◆ WORK TO COMPLETE ◆
Without the pictures, output all of the data exactly.

◆ SUPPLIED DATA ◆
************

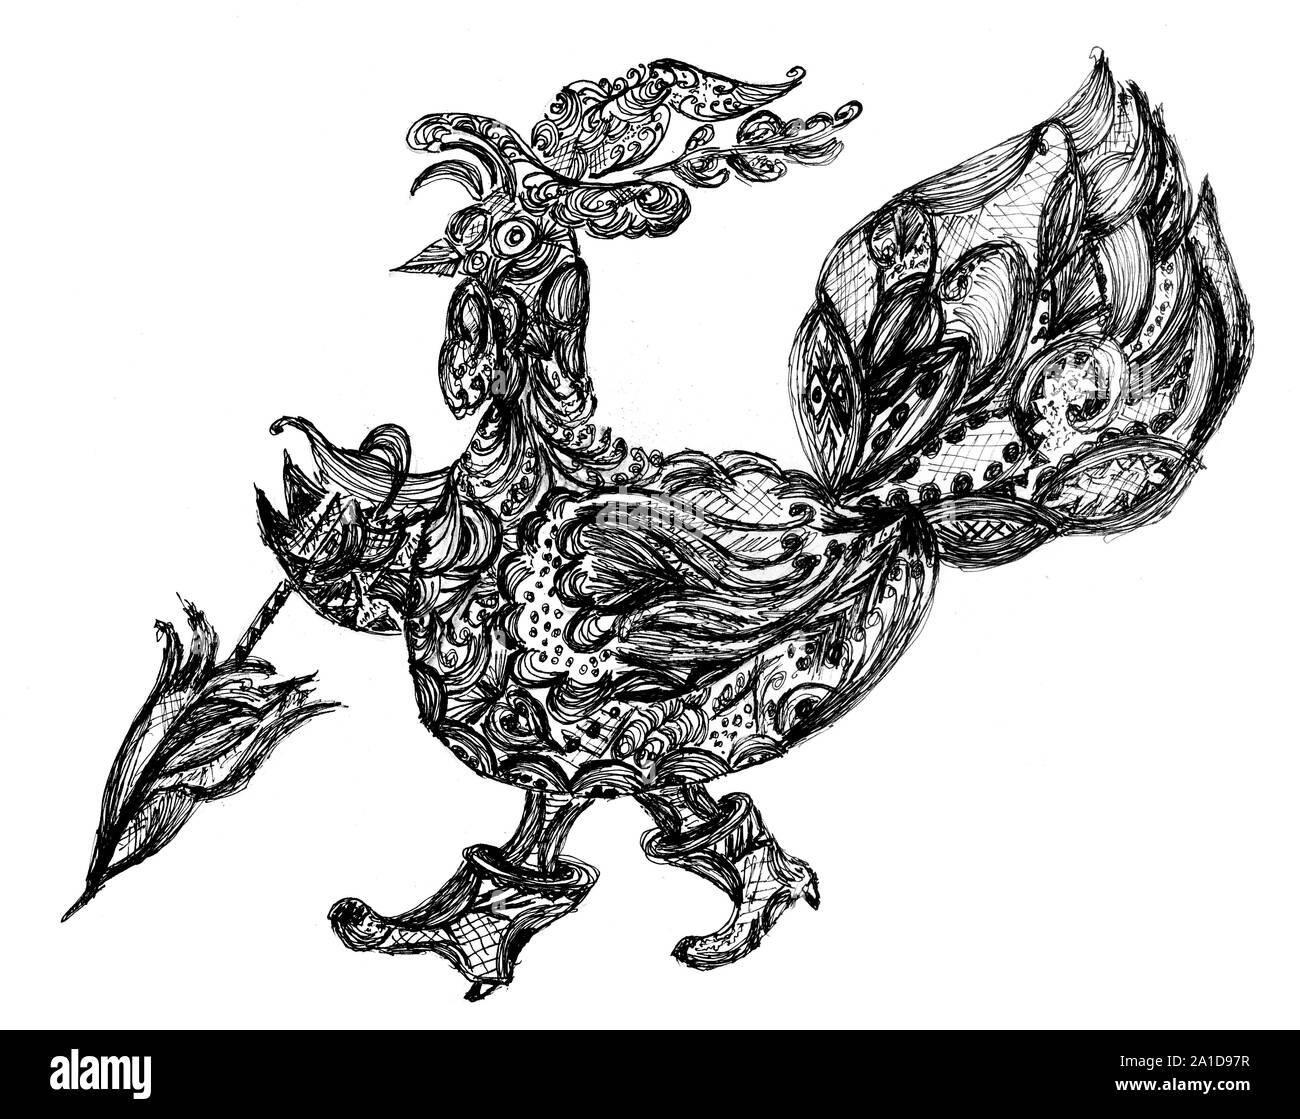 Ornamental stylized thanksgiving turkey bird, black and white. Stock Photo
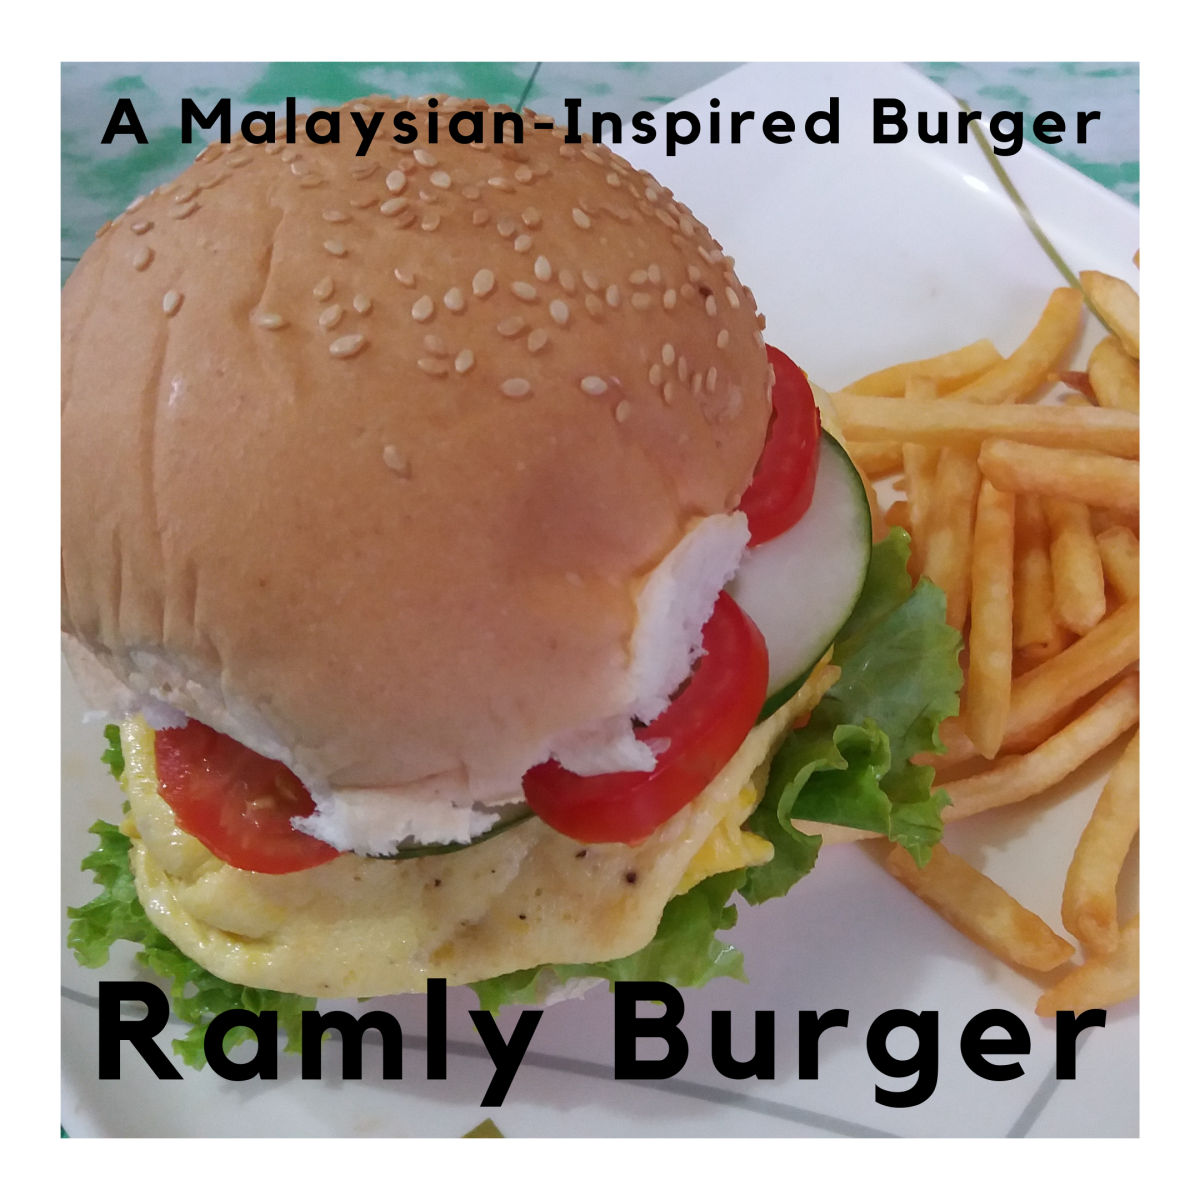 How to Cook Ramly Burger: A Malaysian-Inspired Burger
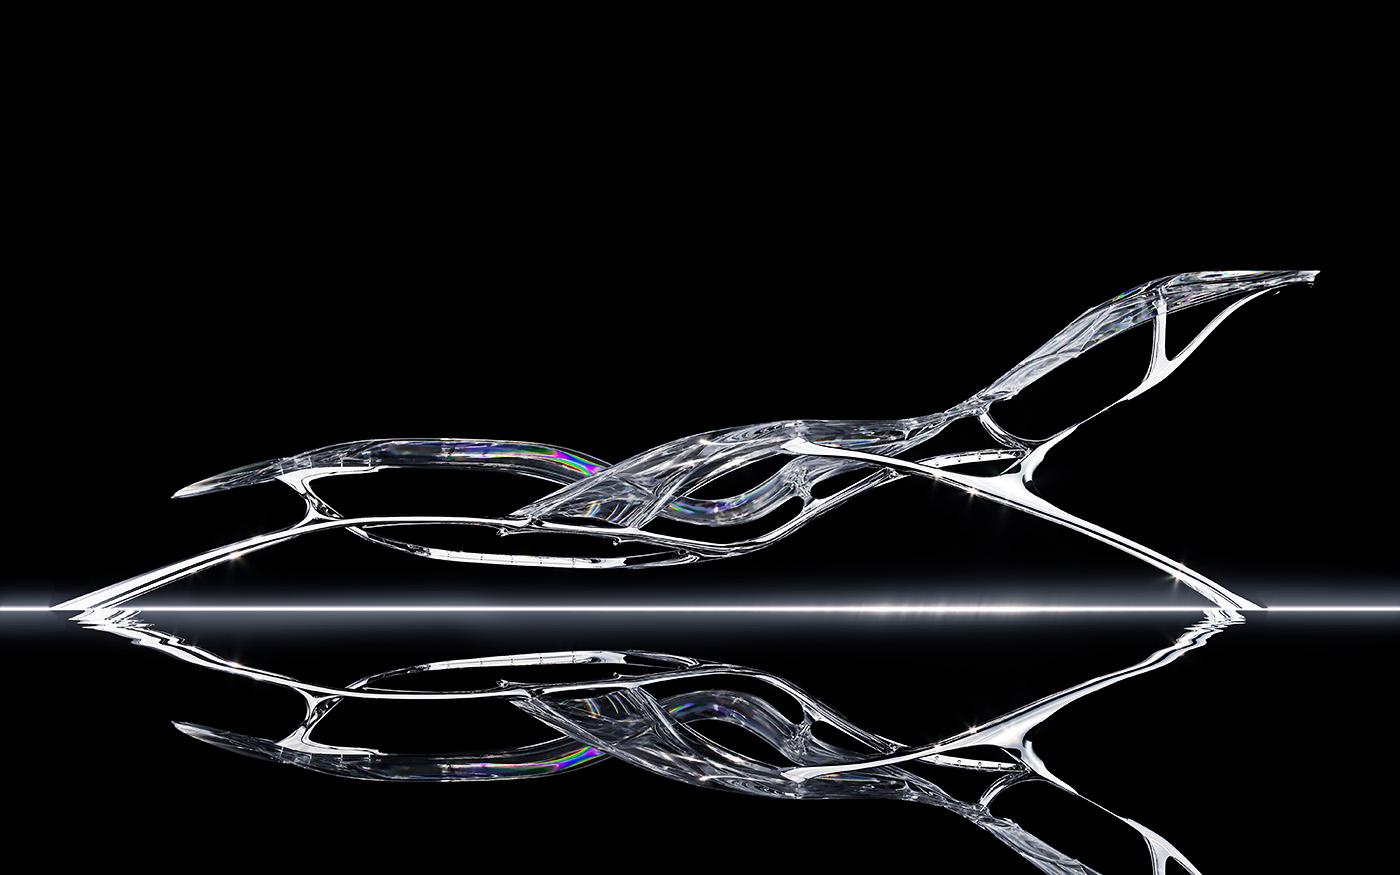 Luxury futuristic lounger 4.jpg

************

◆ ANSWER FOR THIS EXERCISE ◆
 Ornamental stylized thanksgiving turkey bird, black and white. Stock Photo
 How to Cook Ramly Burger: A Malaysian-Inspired Burger
 Luxury futuristic lounger 4.jpg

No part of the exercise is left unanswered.